Я вижу мужчину, который на самом деле не мужчина. Мальчика, который на самом деле не мальчик. Вижу мужчину, чьи зрелость и мужественность – всего лишь загрубевшая корочка на детской ранке.
Ты сам написал на конверте: «Винд зарубцовывается». (Тогда ты еще был Виндом.) Помню, я подумала, что рана затянулась именно в том месте, где ты из мальчика превратился в мужчину, и это место у тебя – не живое и не мертвое.
(Он еще не добрался до поворота в лесу, этот твой мотоциклист. Кажется, он едет немного медленнее обычного. Может, новичок. Ну что же, хорошо. Пусть едет медленно, медленно, делая остановки на пути. Огромное тяжелое облако повисло над лесом.)
С каждым письмом я все сильнее ощущала, что в моих силах предпринять что-то, неразрывно связанное с тобой. Не случайно, что именно я была той женщиной, которой ты написал. Ты интуитивно почувствовал, что я могу аккуратно оторвать эту корочку, чтобы на свет появился ребенок, твой светлый близнец. И тогда, возможно, этот ребенок превратился бы в мужчину, в человека, которым ты должен был стать. Кто этот мужчина? Вероятно, этого я уже никогда не узнаю. Могу только догадываться, что в нем сольются взрослый и ребенок, мужчина и женщина, живой и мертвец, и еще много кого и чего – без грубого, искусственного разделения, которое ты создал внутри себя.
Ибо для меня твоя подлинная сущность обнажалась в том месте, где все твои души соприкасаются, сливаются и смешиваются без каких-либо препятствий.
Встречаясь с тобой там, я тут же наполнялась тобой. Мои тело и душа говорили с тобой напрямую, избегая слов, которые не всегда мне нравились. Потому что именно там ты по-настоящему распаляешь, очаровываешь, ранишь и волнуешь меня.
В эти редкие моменты, когда ты позволял мне побыть с тобой там, в том месте, во мне пробуждались чувства, которых я не испытывала доселе ни к одному человеку, ни к одному мужчине.
Что происходит? Почувствовал? Внезапно меня бросает одновременно и в жар, и в холод. Я ощущаю тебя всеми клеточками своего существа, так близко, как будто ты стоишь под дверью.
Нет, не буду себя обманывать.
А снаружи уже несколько минут – полная тишина. Ни один листочек не шелохнется. Я боюсь оторвать ручку от бумаги. Вижу, как твои глаза смотрят на мои губы. Что ты хочешь, чтобы я сказала? Что я могу сказать из того, что еще не сказано? Разве осталось что-то, что можно выразить словами?

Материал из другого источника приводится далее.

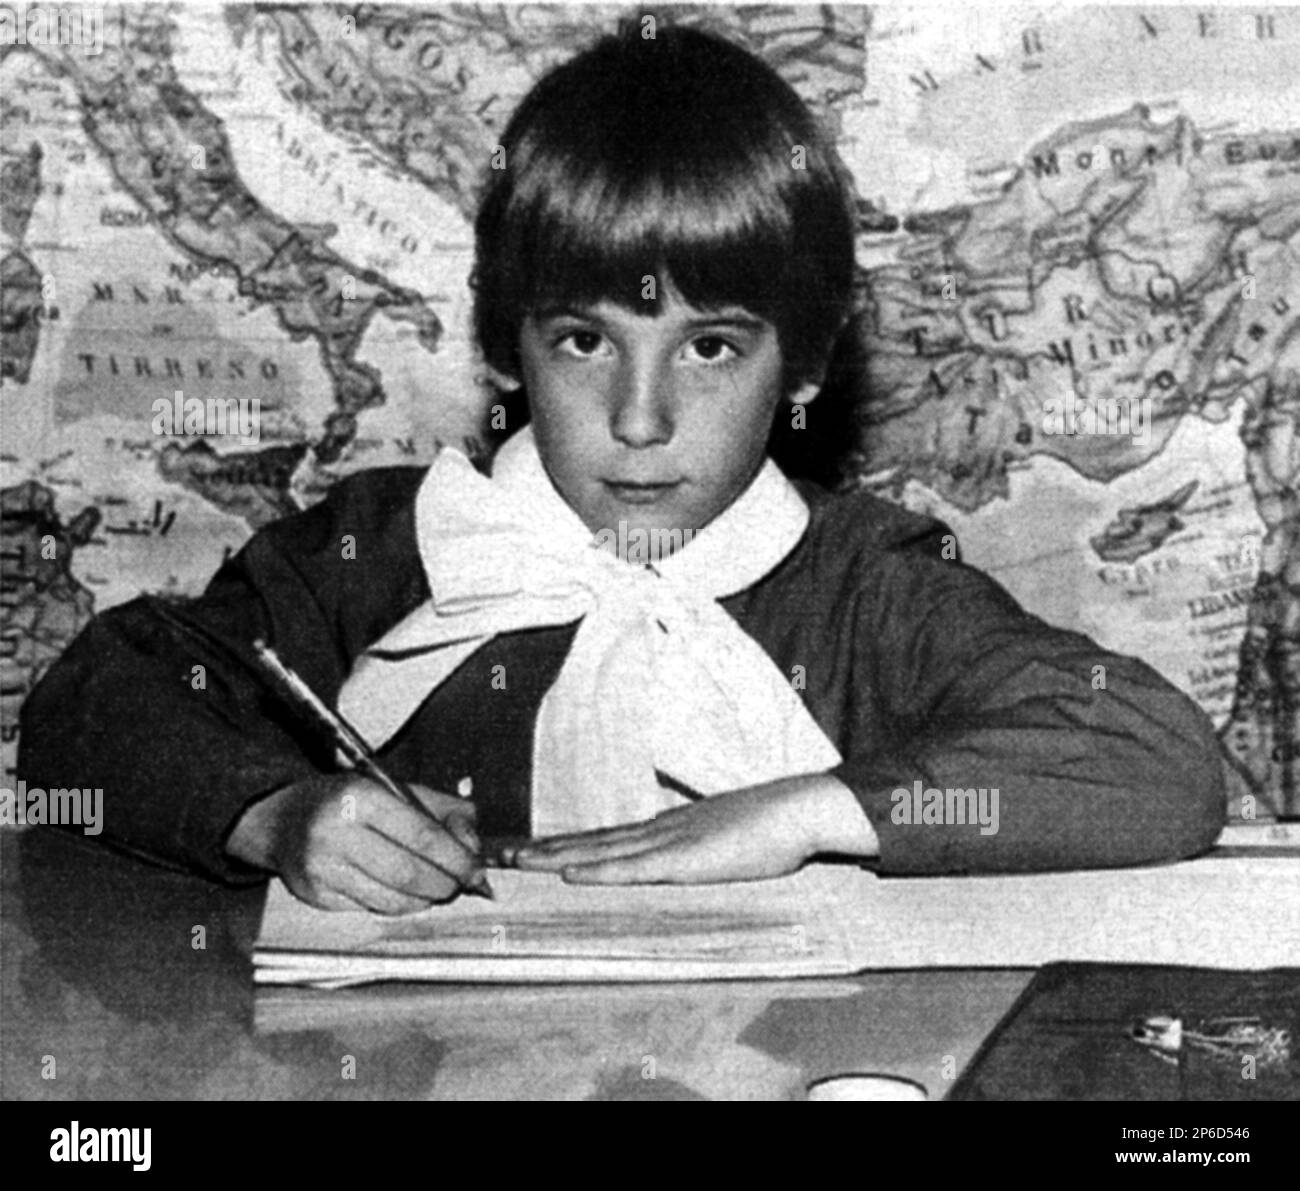 The celebrated italian television personality ALESSANDRO CECCHI PAONE ( born in Rome , 16 september 1961 ) when was a child in 1967 - TELEVISIONE - POLITICA - POLITICO - POLITIC - POLITICIAN - WRITER - SCRITTORE  - portrait - ritratto - personalita' da giovane bambino da piccolo - personality personalities celebrity celebrities when was young boy child children  - GAY - LGBT - HOMOSEXUALITY - HOMOSEXUAL - Omosessuale -  omosessualità   - SCUOLA - SCOLARO - SCHOOL - PRIMA ELEMENTARE ---  ARCHIVIO GBB Stock Photo

Я слышу шаги снаружи, они приближаются по ступенькам к балкону. Яир, если у меня осталось право на еще одно желание, я хочу, я молю – пусть тысячи слов сложатся сейчас в тело.
С любовью,
Мириам
Дождь
В четверг утром, когда облака опустились на долину Бейт-Зайт и улеглись на наш дом, а дождь все не шел и не шел – ровно в девять тридцать позвонил он
Я спросил, она ли это, Мириам
Я знала, что это он, еще до того, как заговорил. Слышала его тяжелую одышку, и сама едва могла дышать
Мириам, это ты?
Да, да, это я, да… Долгая пауза, учащенное дыхание у обоих. Мне показалось, что он слышит стук моего сердца
Я что-то хотел тебе сказать, одну секунду
И все, что было и не было между нами, все эти безумные месяцы начали таять у меня в груди
Послушай, это совсем не то, что ты подумала
Я ничего не подумала. Кто способен сейчас о чем-то думать? Его голос был плотным, густым. Как будто он только что выбежал из гущи леса
Мне только нужно кое-что у тебя спросить
раненный в битве, которую вел с собой, прежде чем позвонить
Ты одна дома?
Да, я одна
Это совсем не связано с… с этим, с нами, понимаешь?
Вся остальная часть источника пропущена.